=== Information provided ===
━━━━━━━━
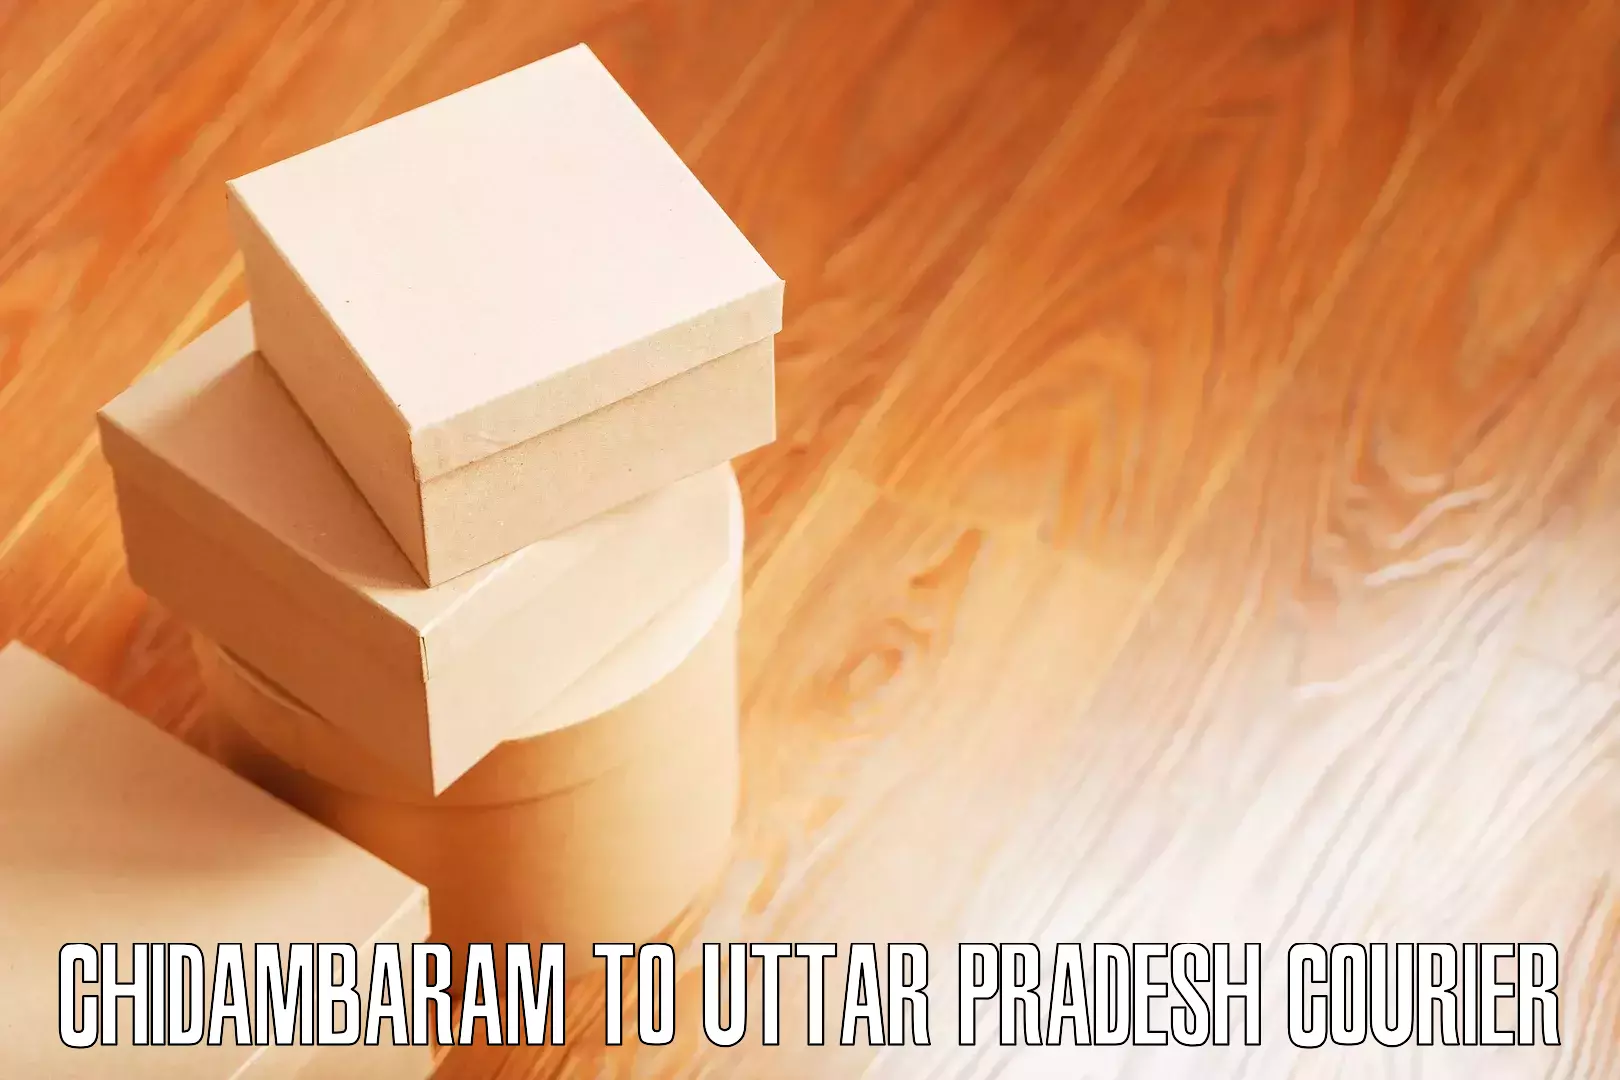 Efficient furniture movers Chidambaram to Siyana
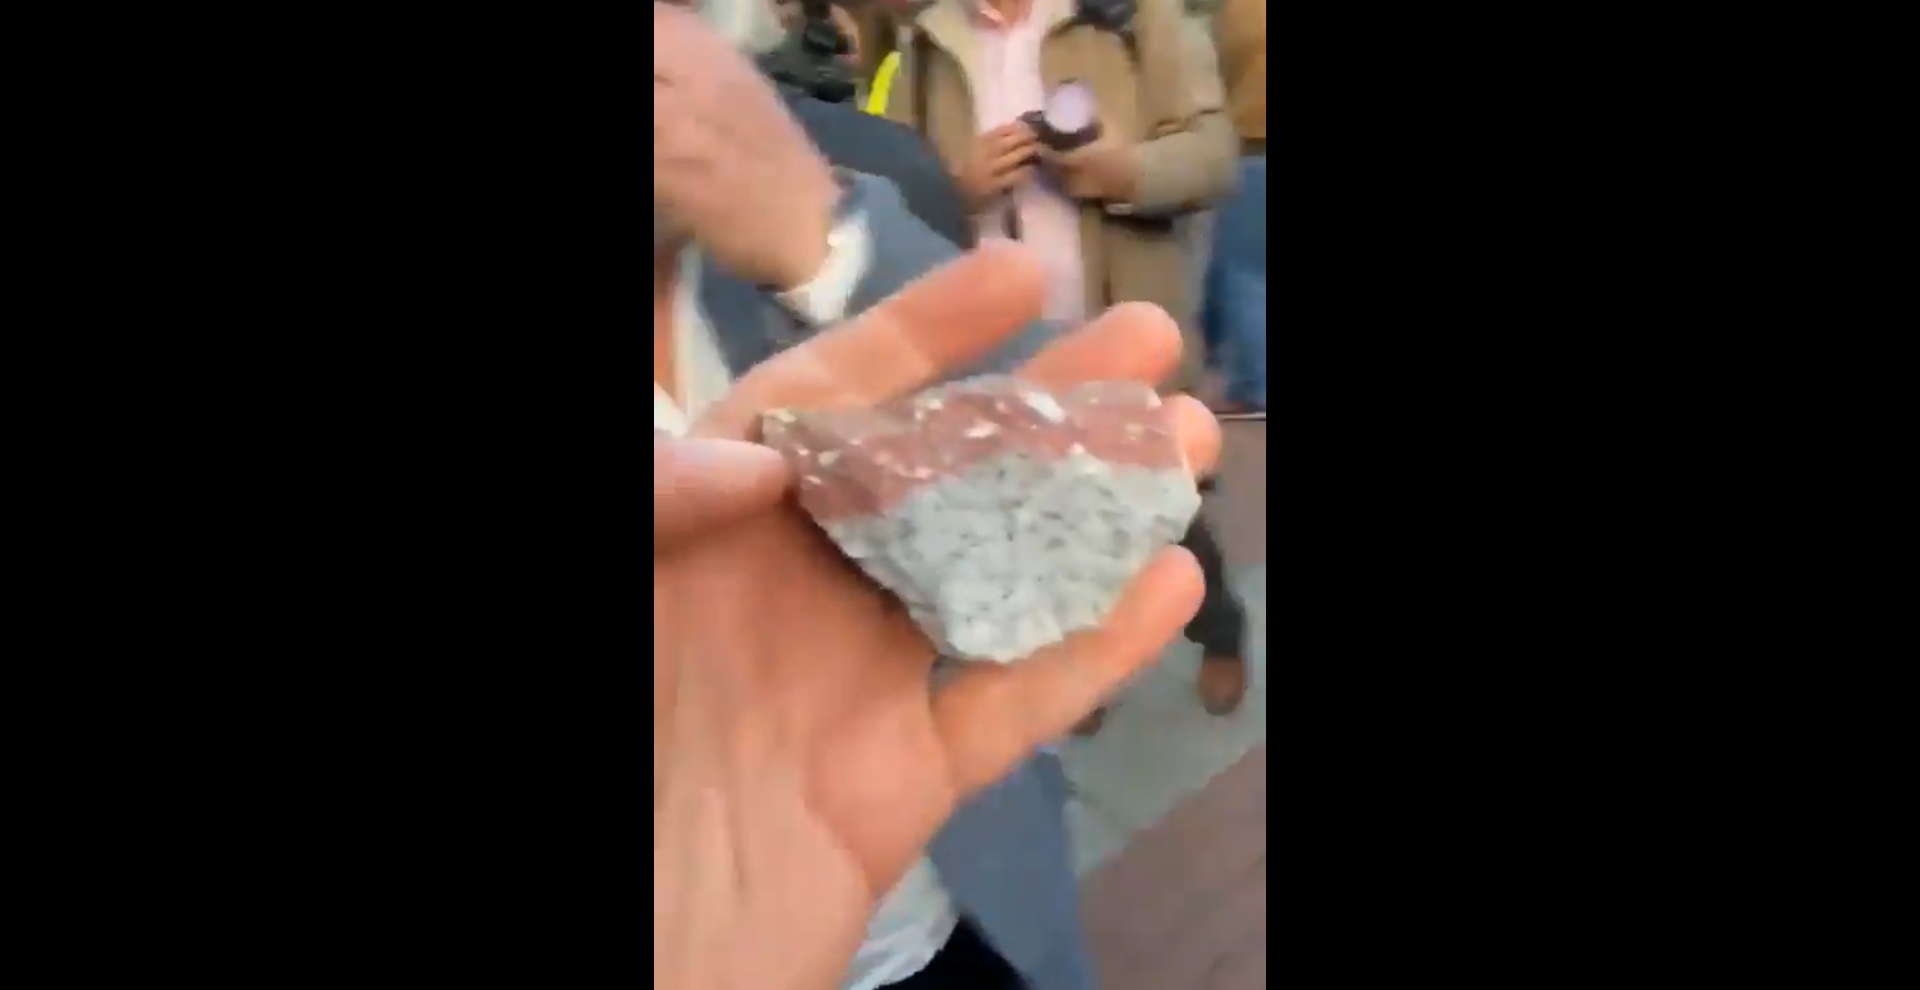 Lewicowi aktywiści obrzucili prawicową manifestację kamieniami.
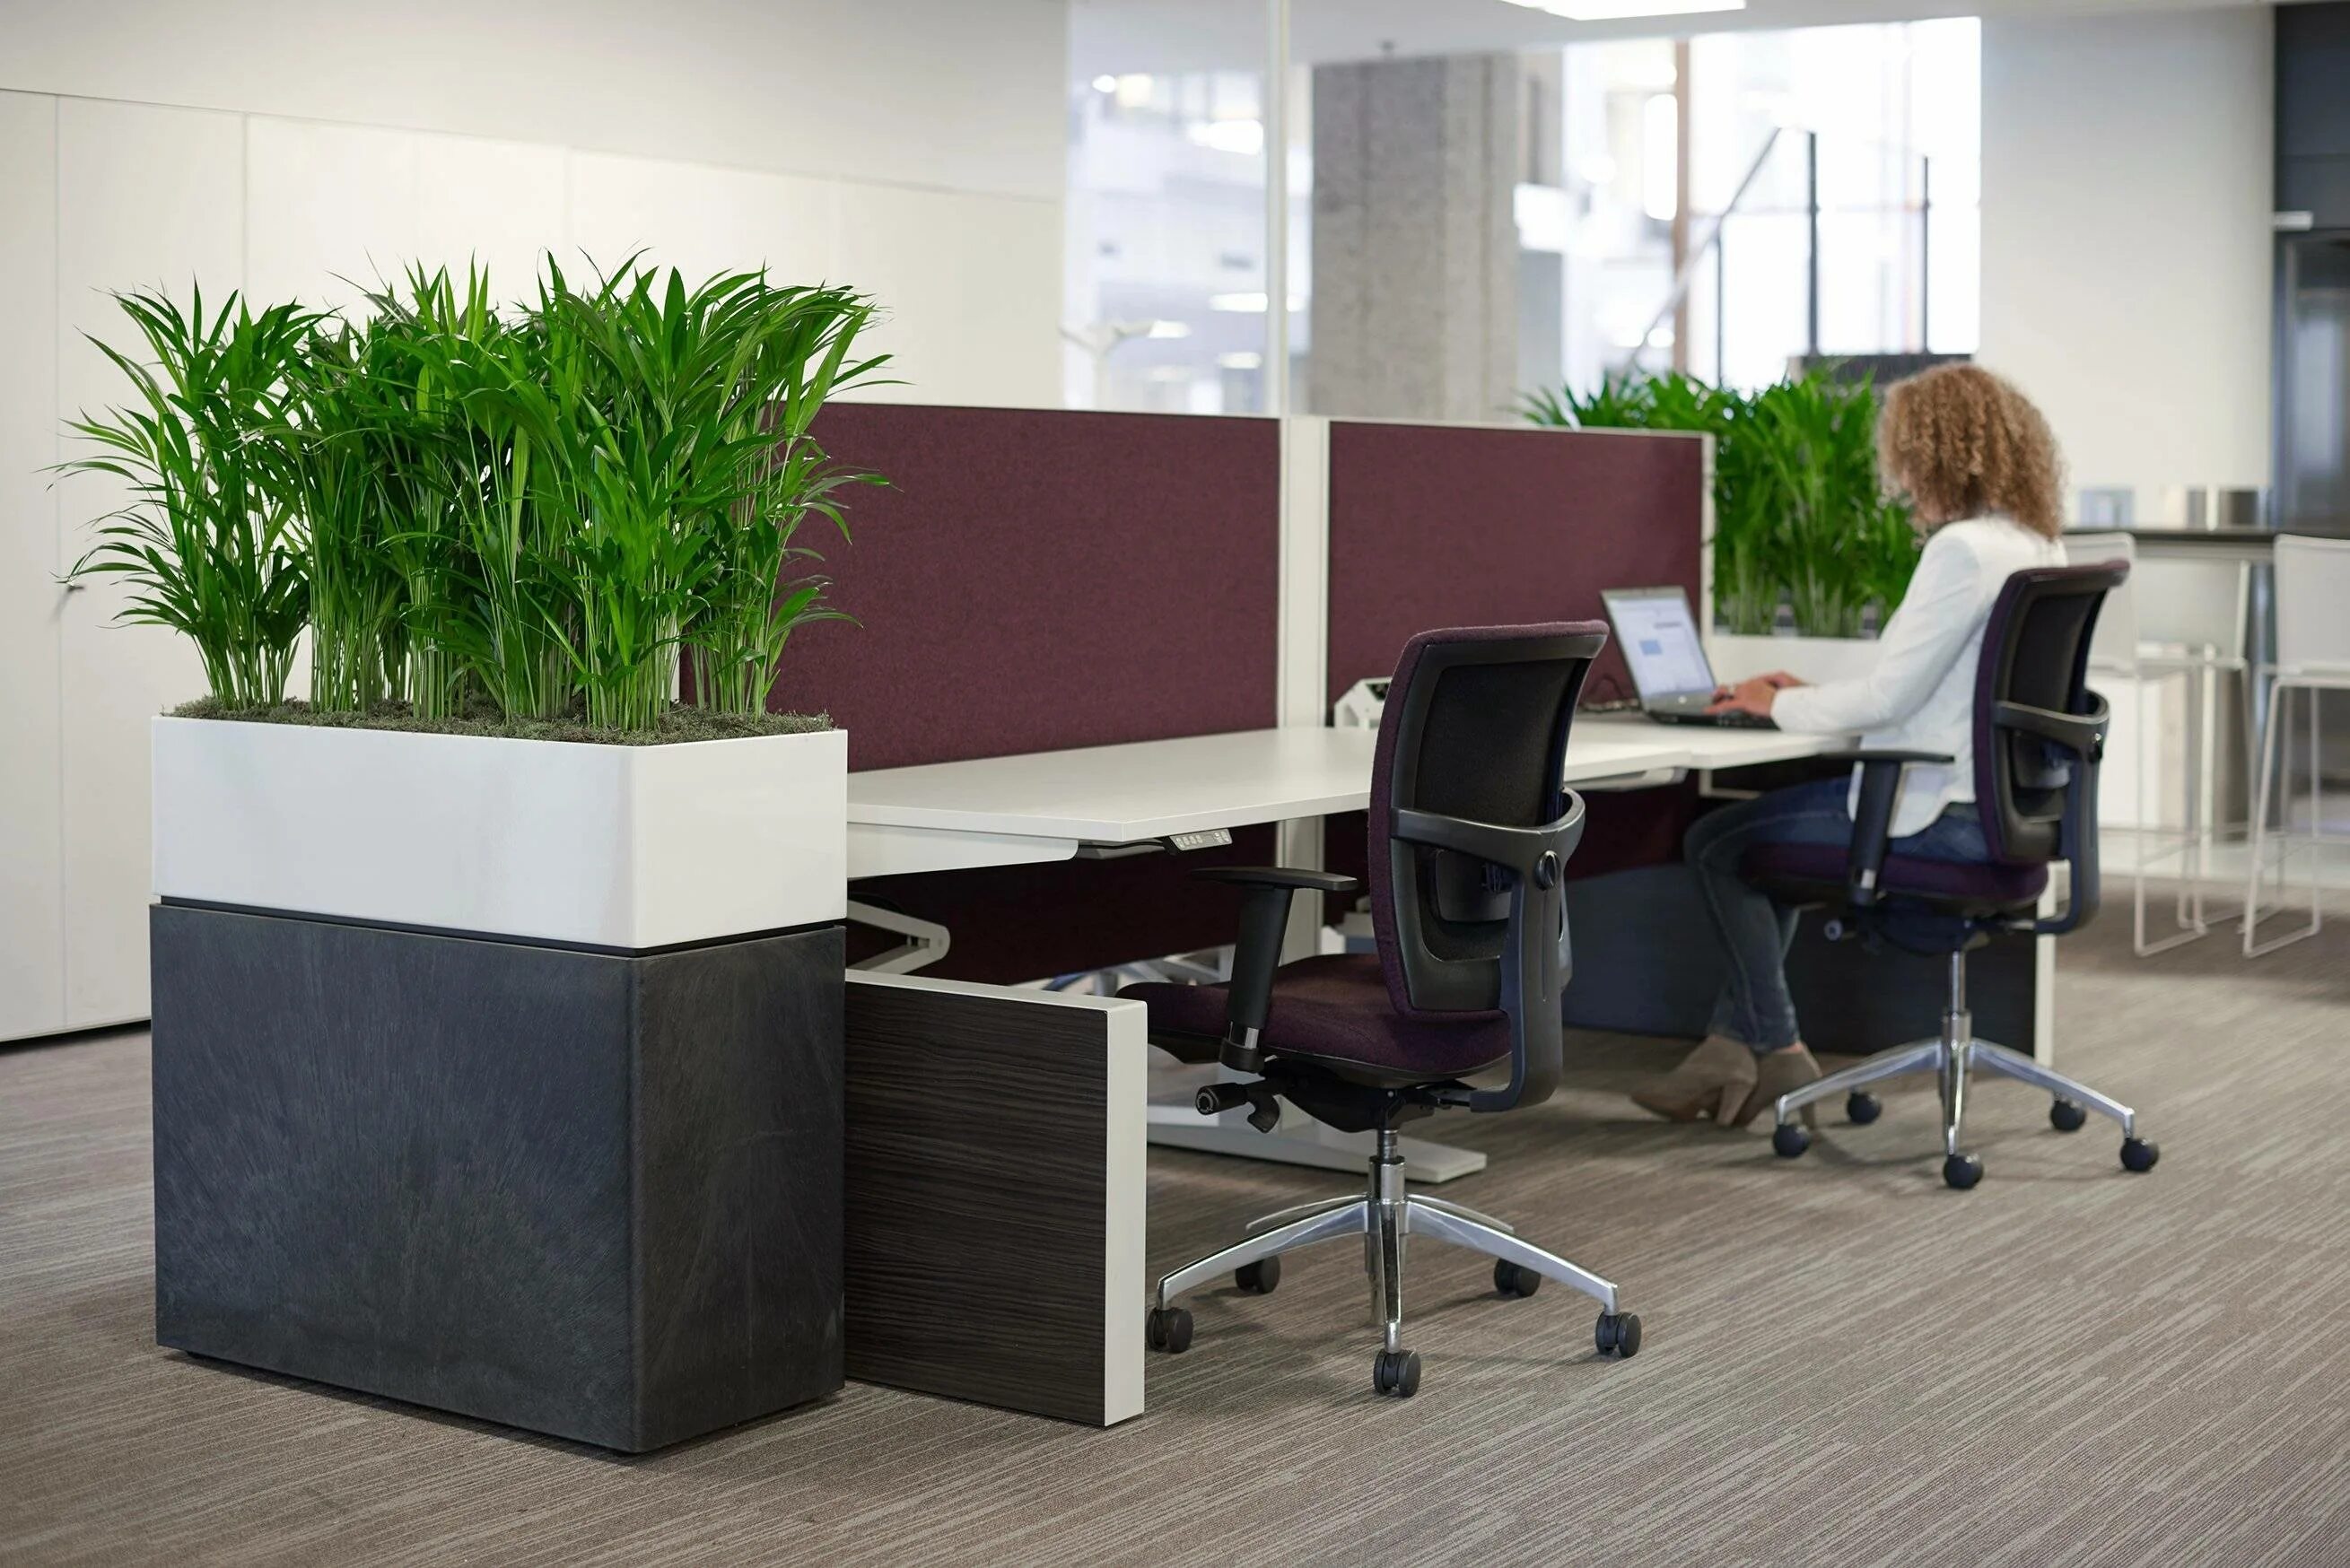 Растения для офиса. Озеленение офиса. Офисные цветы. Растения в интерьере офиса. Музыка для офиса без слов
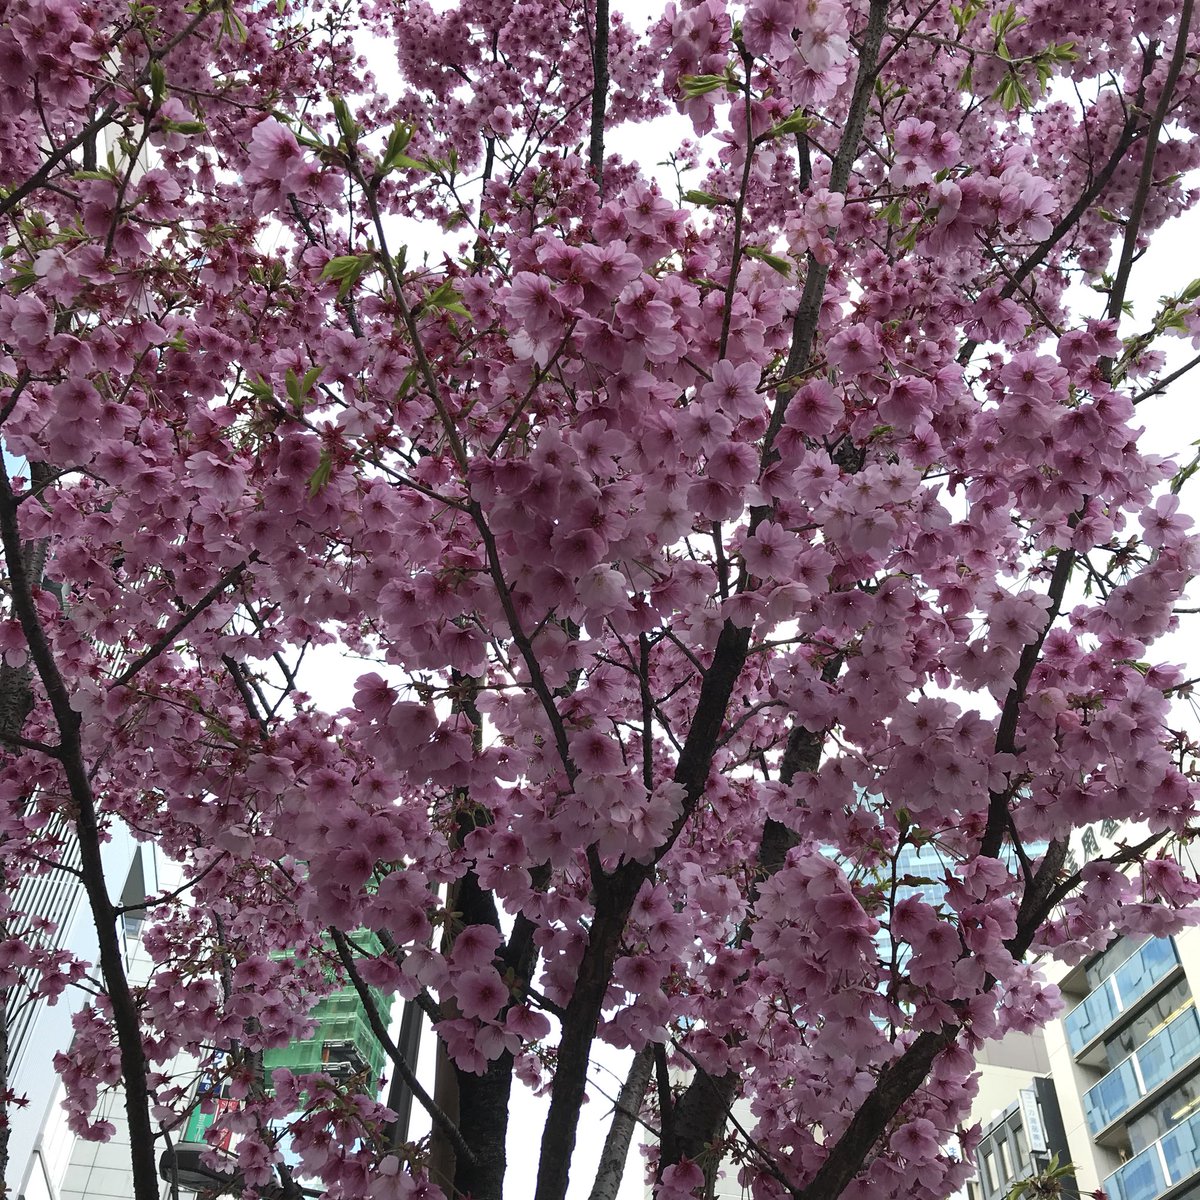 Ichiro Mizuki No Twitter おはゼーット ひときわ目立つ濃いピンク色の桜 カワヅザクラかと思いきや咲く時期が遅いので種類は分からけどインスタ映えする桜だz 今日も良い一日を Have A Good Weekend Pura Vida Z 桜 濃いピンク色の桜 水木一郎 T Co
━━━━━━━━
A verbatim copy is needed of the lines running from the line with "Растения для офиса." to the end of the data above, both included. Keep the pictures out of it.

 Растения для офиса. Озеленение офиса. Офисные цветы. Растения в интерьере офиса. Музыка для офиса без слов
 Ichiro Mizuki No Twitter おはゼーット ひときわ目立つ濃いピンク色の桜 カワヅザクラかと思いきや咲く時期が遅いので種類は分からけどインスタ映えする桜だz 今日も良い一日を Have A Good Weekend Pura Vida Z 桜 濃いピンク色の桜 水木一郎 T Co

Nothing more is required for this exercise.